Les profils pour qui la réalité peut être plus rude
- Celles et ceux qui ont besoin d’un cadre très stable, avec des missions prévisibles et un revenu régulier dès le départ.
- Celles et ceux qui veulent aller très vite, sans accepter les phases d’étude, de retour en arrière ou d’ajustement.
- Celles et ceux qui n’aiment pas vendre, communiquer ou se rendre visibles, car même un projet très utile doit être raconté.
- Celles et ceux qui supportent mal de ne pas savoir, car le métier confronte souvent à des sujets nouveaux.
- Celles et ceux qui veulent une liberté sans contraintes, alors que l’autonomie vient avec des responsabilités, du risque et des choix permanents.

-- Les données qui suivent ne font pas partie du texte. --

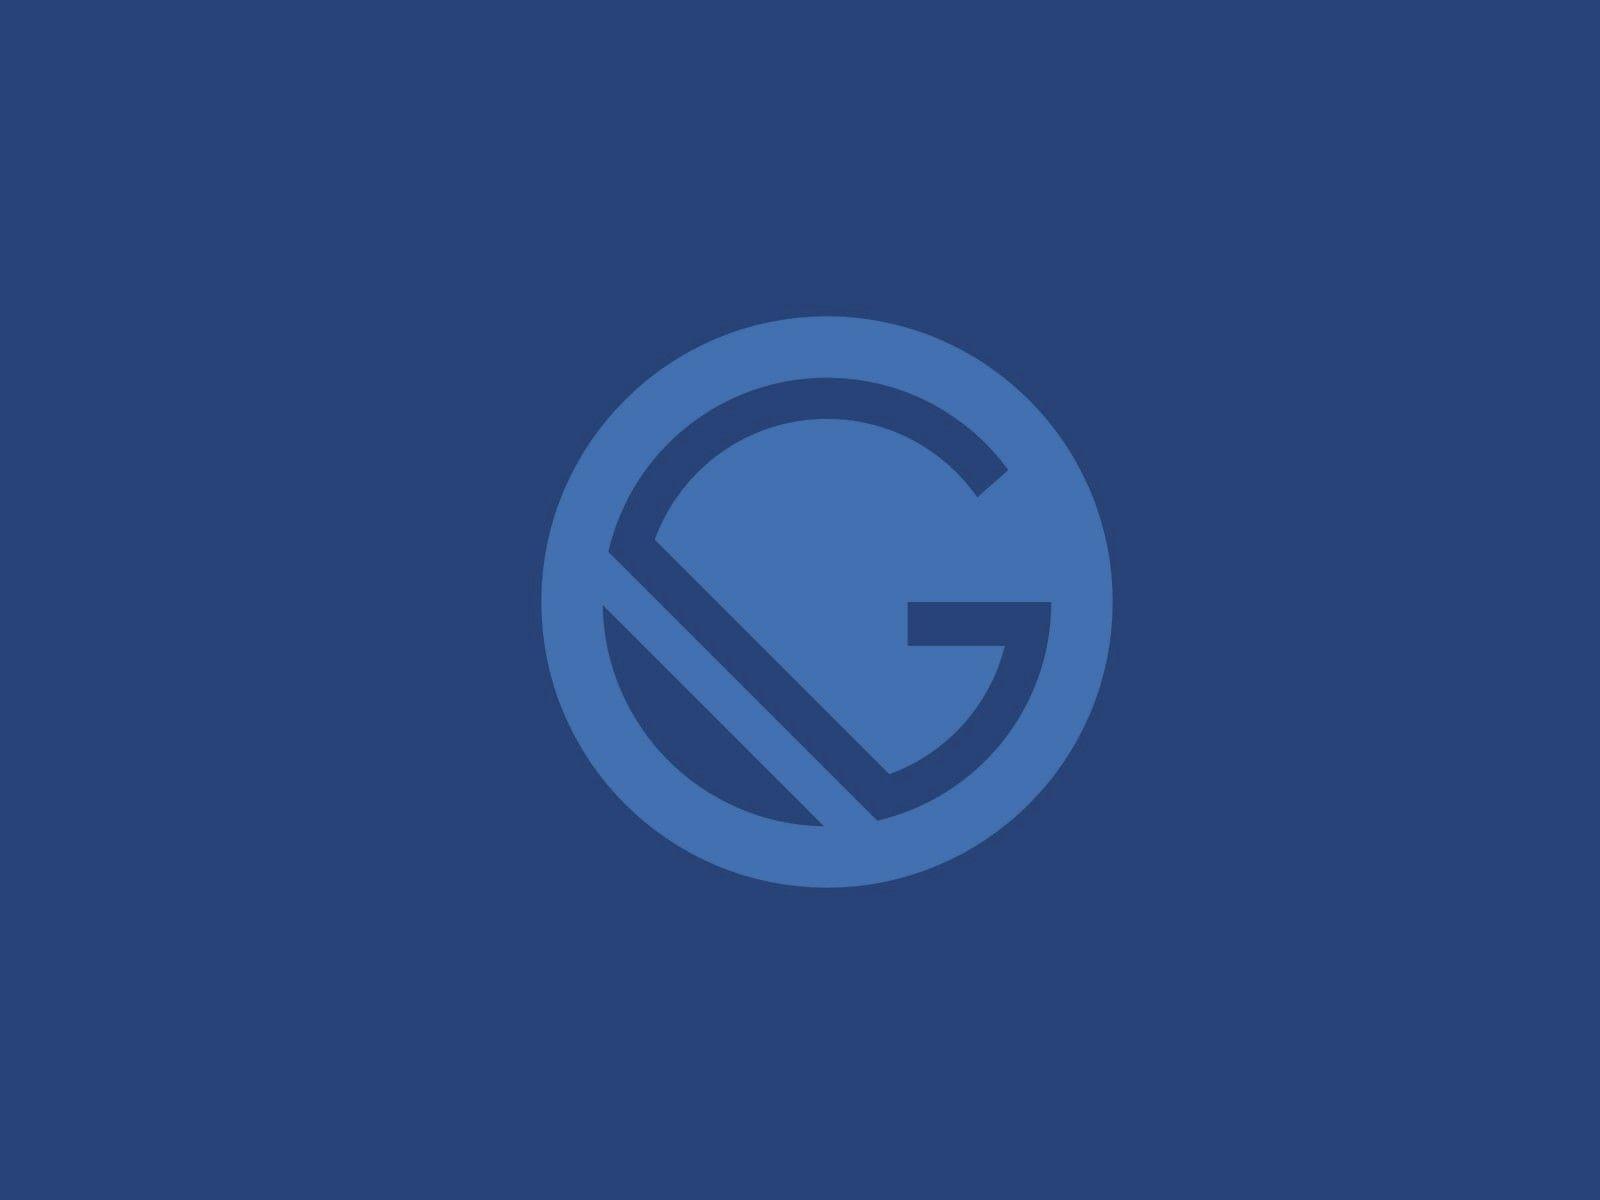 Gatsby Logo - Guide to Building a Gatsby Site From the Ground Up | JustinFormentin ...

Ce que le terrain apprend avec le recul dans ce métier
Le rapport au temps : ralentir peut éviter de reculer
Au début, l’envie d’aller vite est très forte. Il y a souvent une pression financière, une envie de prouver que le projet fonctionne, un besoin de voir le produit exister. Pourtant, aller trop vite peut coûter plus cher. Il faut parfois accepter quelques mois d’exploration pour éviter une mauvaise direction.
Le rapport à l’effort : chaque petite brique compte
Créer une entreprise ne se résume pas à une grande décision. C’est une somme de gestes. Chercher, appeler, comparer, rédiger, poster, produire, améliorer. Le métier récompense la constance plus que le coup d’éclat.
Le rapport aux autres : demander n’est pas un aveu de faiblesse
Le terrain apprend aussi que les gens répondent plus souvent qu’on ne l’imagine. Certaines personnes donnent peu. D’autres apportent des conseils précieux. Mais dans tous les cas, le mouvement commence quand on ose ouvrir la conversation.
Choisir ce métier en conscience : tester le réel avant de s’y engager
Si ce métier vous attire, commencez petit. Choisissez un sujet qui vous tient vraiment. Contactez trois personnes qui travaillent autour de ce sujet. Posez des questions simples : comment elles ont commencé, ce qui leur prend le plus de temps, ce qu’elles n’avaient pas vu venir, ce qu’elles referaient différemment.
Vous pouvez aussi tester une version légère de votre idée : une précommande, un prototype, un atelier, une page de présentation, une rencontre avec de futurs utilisateurs. L’objectif n’est pas de tout valider. Il est de confronter l’image au terrain.
Ce n’est pas une question de rêve, mais d’ajustement. La réalité n’est pas un problème quand elle est choisie.